Now I am thinking a lighter version complete_v2_state_transition() is 
probably ideal this.

when completeing an v2D all we really need is the next line.
> v2_msgid_schedule_next_initiator(ike); 

> 
>     Second One seems to harder to trace. Here are the symptoms that I found so
>     far.  Rekaying IPsec fails with the following message and the connections
>     disappears. If you have auto=route it may come back again. auto=route is a
>     bandaid.
> 
>     Apr  6 13:58:50.367487: | ikev2_child_sa_respond returned
>     STF_INTERNAL_ERROR
> 
> 
> 
> Any ideas on what triggered the internal error?

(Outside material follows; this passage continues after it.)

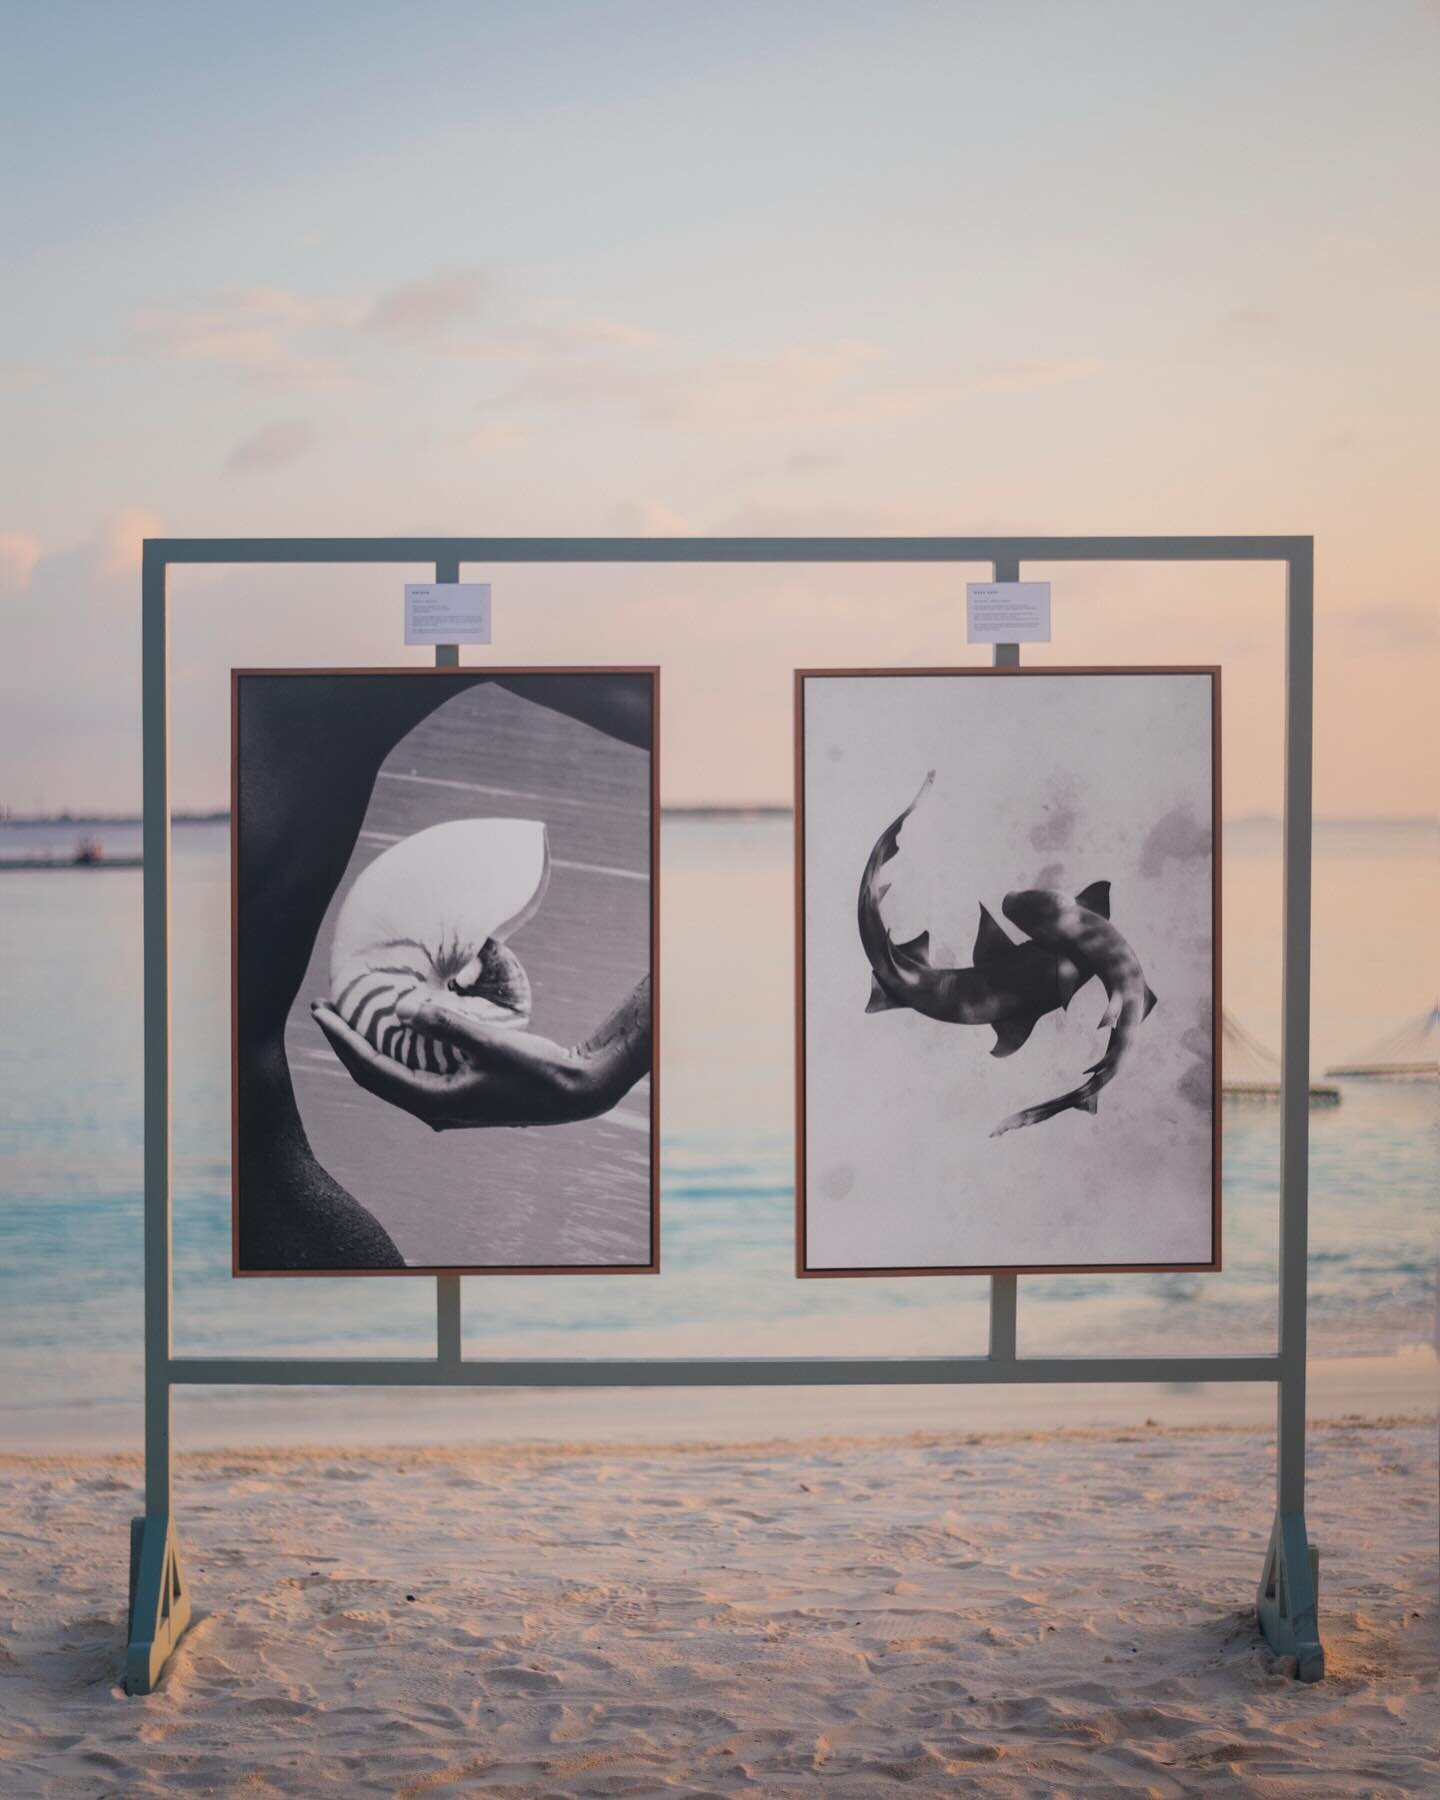 Impressions of my fine art photography displayed at the Maldivian sea side at @joalibeing 

Blending what may look like two different ends of the spectrum &ndash; ethical underwater wild life photography and conceptualised sensual art &ndash; into on

I know one step further. the line shown bellow "EVENT_SA_EXPIRE, timeout in 
0 seconds" is the cause. However, I don't why pluto schedule this 
EVENT_SA_EXPIRE. 

Did you look a the log?

> 
>     Apr  6 13:58:50.367426: "west/68x0" #3699: CHILD SA to rekey #3500 vanished
>     abort this exchange
> 
>     the internal error seems to caused  EVENT_SA_EXPIRE, timeout in 0 seconds
>     which removed predecessor state before rekey send the message.
> 
>     Apr  6 13:58:50.237455: | inserting event EVENT_SA_EXPIRE, timeout in 0
>     seconds for #3500
> 
>     Apr  6 13:58:50.230304: | duplicating state object #3606 "west/100x0" as
>     #3699 for IPSEC SA
>     Apr  6 13:58:50.226728: | handling event EVENT_SA_REPLACE for child state #
>     3500
> 
>     It seems when replace is hit, code decided to rekey, and also scheduled an
>     EXPIRE. Usually margin is 70s or so Which is enough to rekey. In this case
>     it margin end as 0.
> 
>     Bellow is link to full log of test ikev2-child-rekey-08-deadlock. I ran it
>     manually for longer time. It took 58 minutes before this error to occured.
> 
>     WARNING: the following log is big 100s Mega bytes, careful when clicking on
>     the link in a browser. It is better to download it using wget to read.
> 
>     https://swantest.libreswan.fi/s2/ikev2-child-rekey-08-deadlock/OUTPUT/
>     west.pluto.log.gz
> 
>     I let the test run, it happend twice in about 6 hours.
> 
>     Apr  6 13:58:50.367426: "west/68x0" #3699: CHILD SA to rekey #3500 vanished
>     abort this exchange
>     Apr  6 17:49:44.228126: "west/39x0" #18513: CHILD SA to rekey #18320
>     vanished abort this exchange
> 
>     Looking back in older logs, Tuomo's log, I see the same sequence and
>     connrection restarting either due to keying tries or traffic. He is running
>     with default rekey margin and fuzz, while the test  has shorter rekey
>     margin.  Note it is not just because of shorter rekey margin or salifetime.
> 
>     The oldest seems to hapeend in
> 
>     "Apr 18 00:57:47 foo-gw pluto[5139]: "antony-ams" #915: Child SA to rekey #
>     912 vanished abort this exchange"
> 
>     I am wondering where is the bug? pluto's rekey margin calcuation, or some
>     other logic forcing the EXPIRE event.